WHAT IS EXPECTED: From the listing below, output only the lines starting at the line that has "Nintendo Wii U (No Sensor Bar)" and ending at the line that has "Dessin animé noir", exactly as they appear, ends included.

INPUT:

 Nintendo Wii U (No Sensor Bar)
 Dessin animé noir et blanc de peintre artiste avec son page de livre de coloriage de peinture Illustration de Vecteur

...

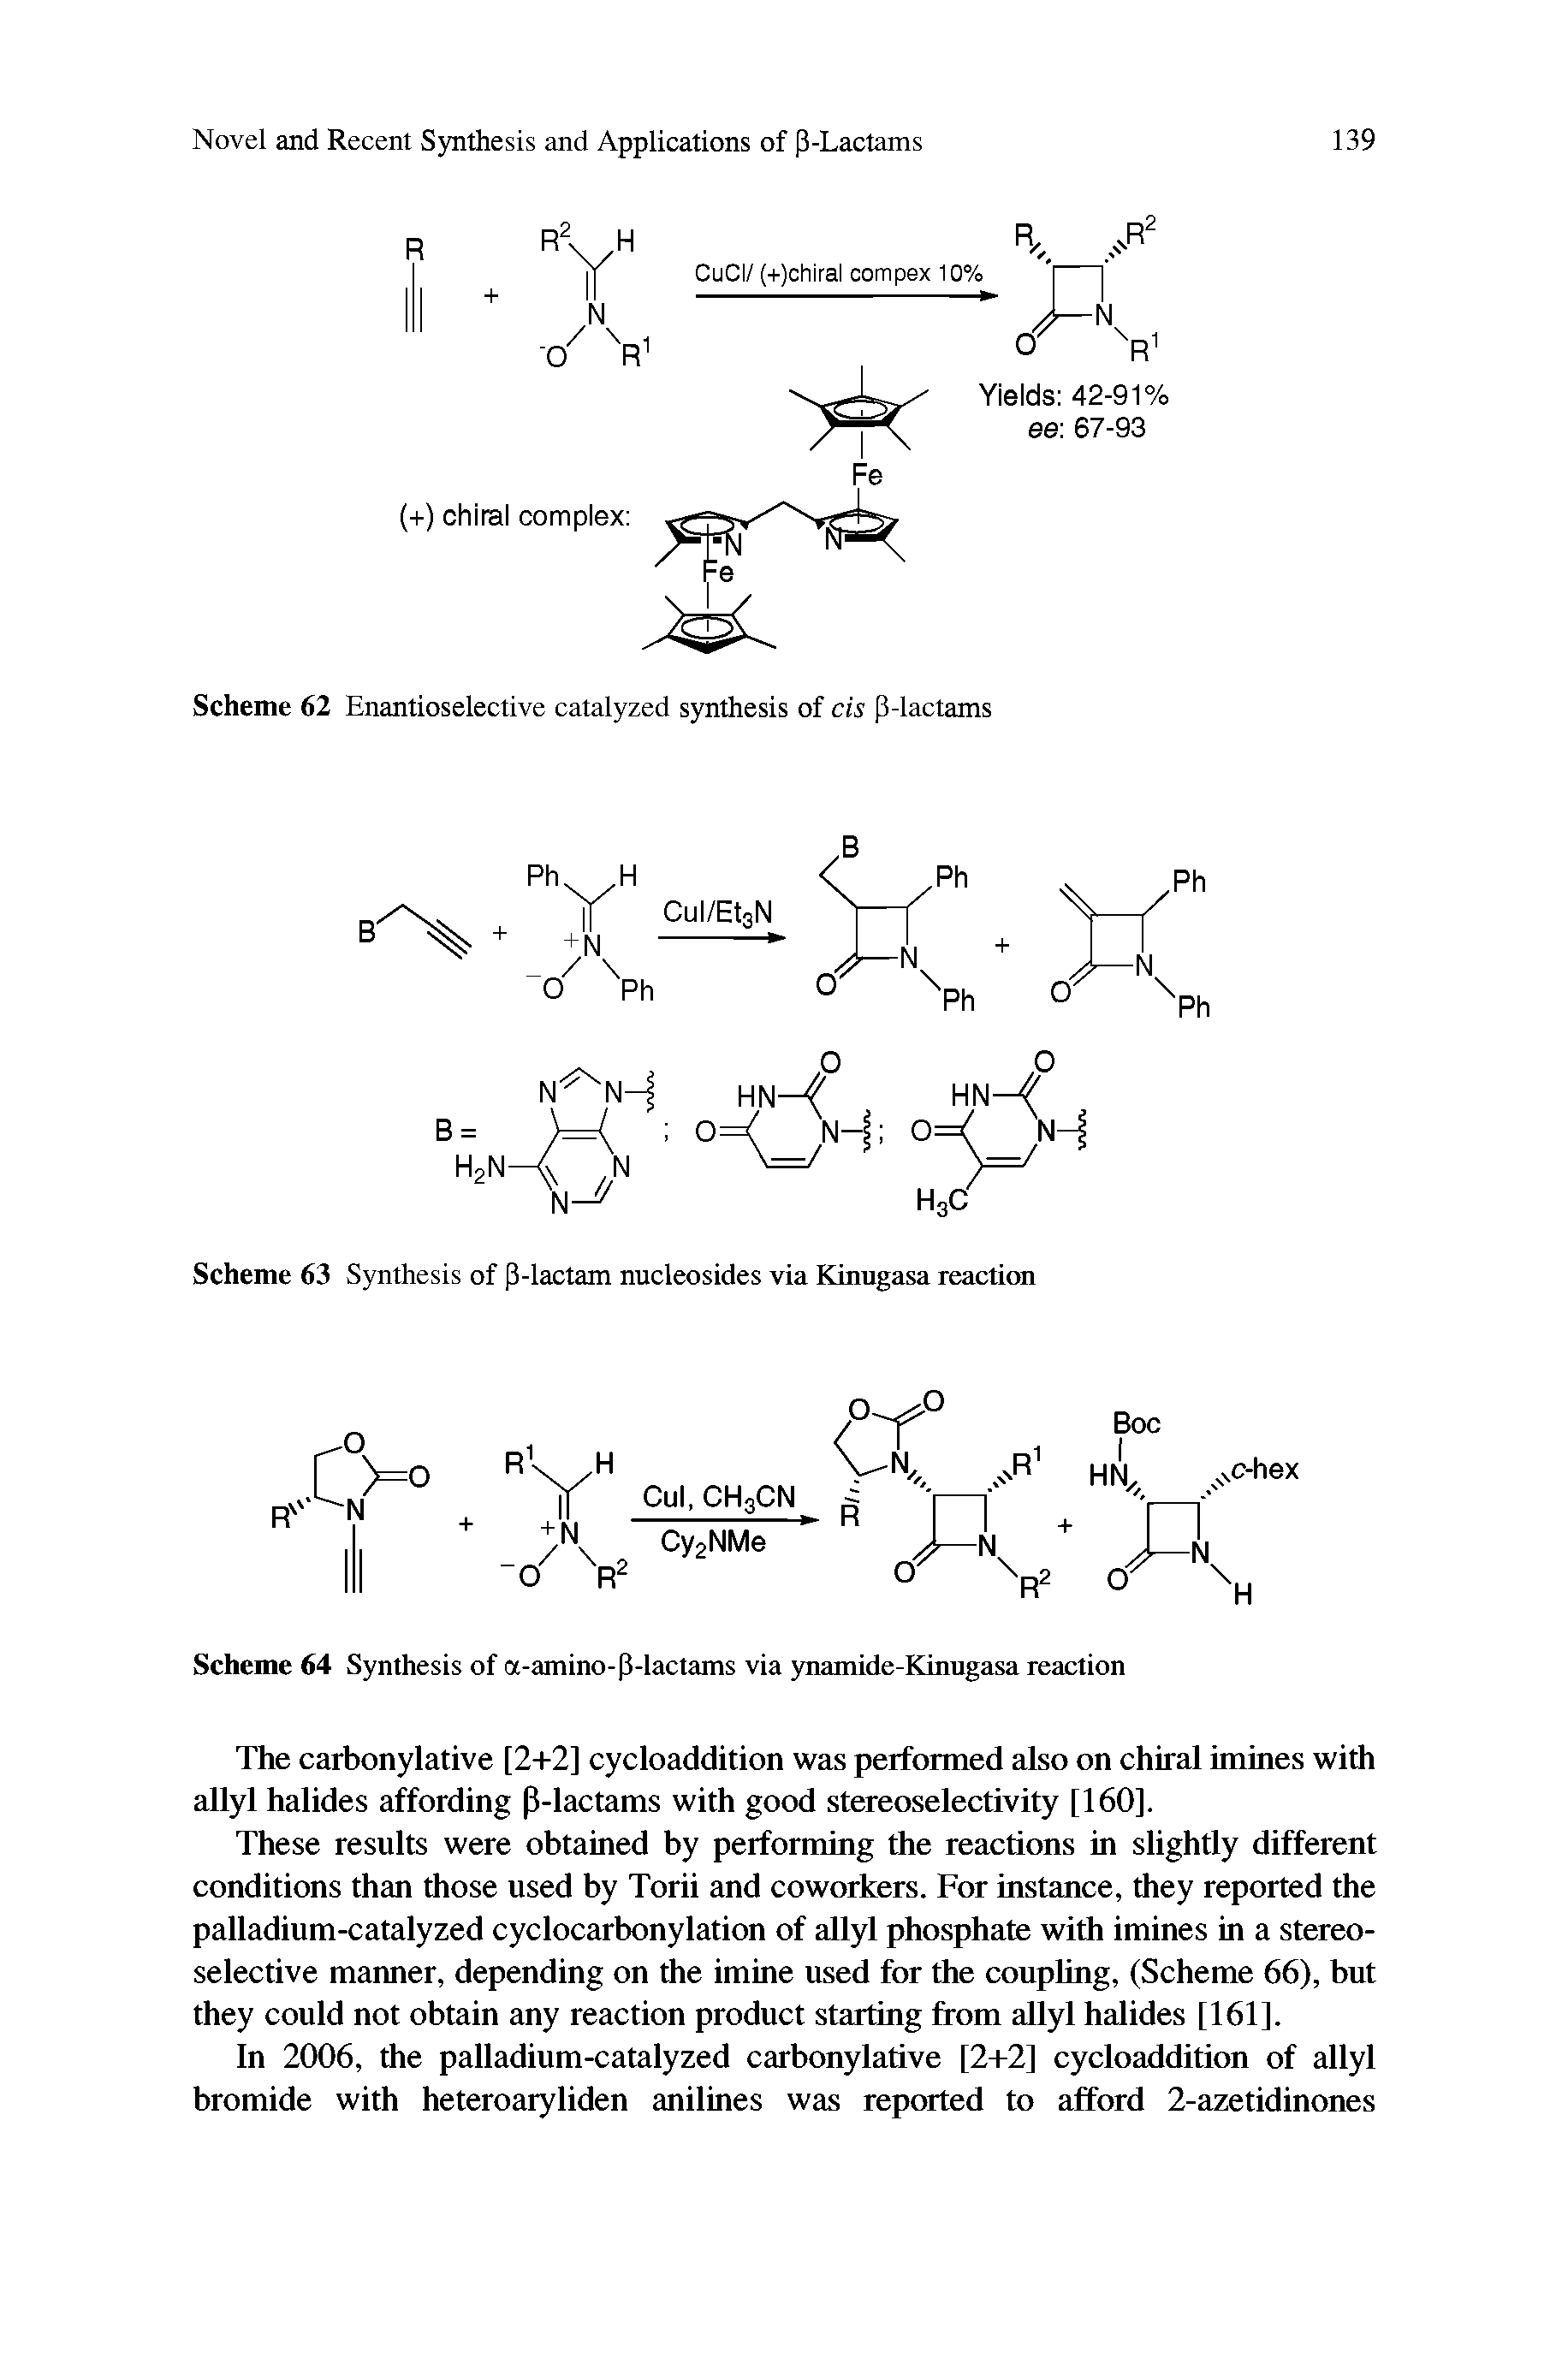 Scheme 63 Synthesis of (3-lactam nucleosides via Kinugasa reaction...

WRITTEN RESPONSE:
 Nintendo Wii U (No Sensor Bar)
 Dessin animé noir et blanc de peintre artiste avec son page de livre de coloriage de peinture Illustration de Vecteur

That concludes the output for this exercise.